To this end, a linearized formulation of the polar motion was used in conjunction with the Normal Mode technique, which uses the Laplace domain to calculate the elastic equivalence of the visco-elastic problem in the time domain. ...
Although this was not always the case, it is now known that forces and deformations due to the non-rigid characteristics of the Earth constantly perturb the motion of the planet to various degrees. The fact that our planet, and all realistic bodies for that matter,is not wholly solid, that it has oceans, an atmosphere and a visco-elastic crust, mantle and core, means that the actual position of the rotational axis and rotation rate of the Earth vary from the idealized rigid body motion on virtually every time scale. The Earth constantly reshapes itself to cope with the ever changing loads and other geo-dynamic forces that act upon it. This deformation in turn leads to shifts in the position of the rotation axis with respect to the Earth’s surface, or polar motion, and to a change in rotation rate, also known as a change in length-of-day. This reshaping of a body due to geo-dynamic forces is dependent on the rheology of that body, since material properties such as rigidity and viscosity determine how a body deforms and flows under certain stresses. Although their regularities in the rotation of the Earth complicate astronomical research, for the geophysicist they are a gift. The rotational perturbations must have sources and thus provide information on the internal structure of the Earth and the geophysical processes acting on and within it. The main objective of this thesis is to examine the influences of some of the parameters that determine the polar motion of a terrestrial body, without adhering to the constraints put on them by the application to the Earth.

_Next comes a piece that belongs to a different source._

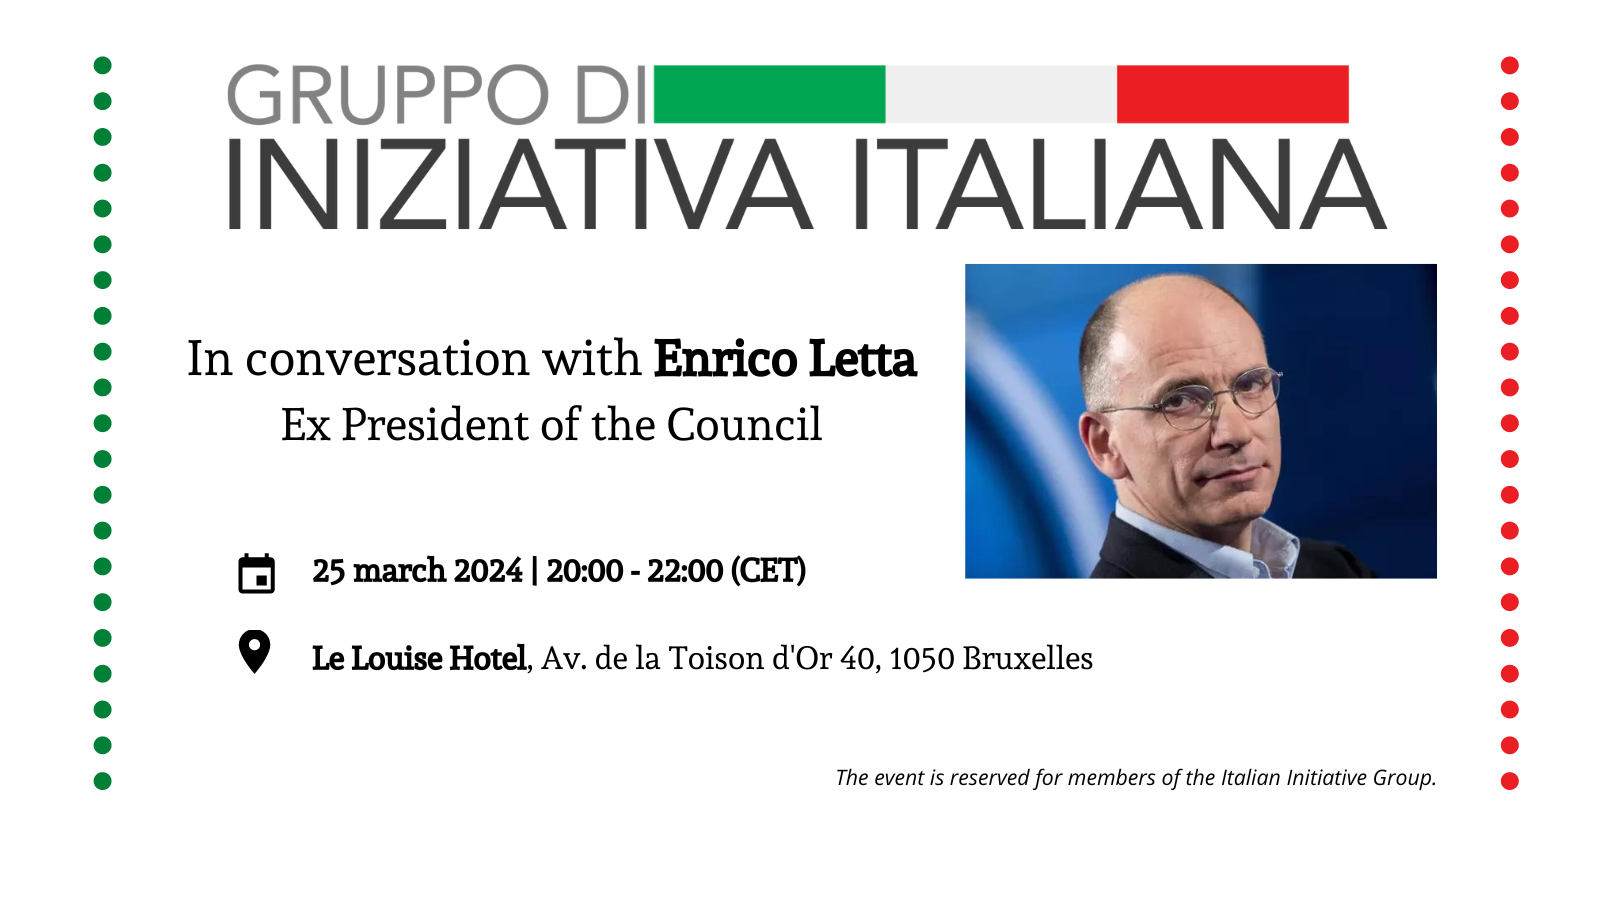 In conversation with Enrico Letta | Ex President of the Council

For instance, the influence of the absolute size of a body as defined by its radius has never been examined since the radius of the Earth is known very accurately. This leads to more general and more widely applicable results as the driving parameters are examined in wide ranges.
To this end, a linearized formulation of the polar motion was used in conjunction with the Normal Mode technique, which uses the Laplace domain to calculate the elastic equivalence of the visco-elastic problem in the time domain.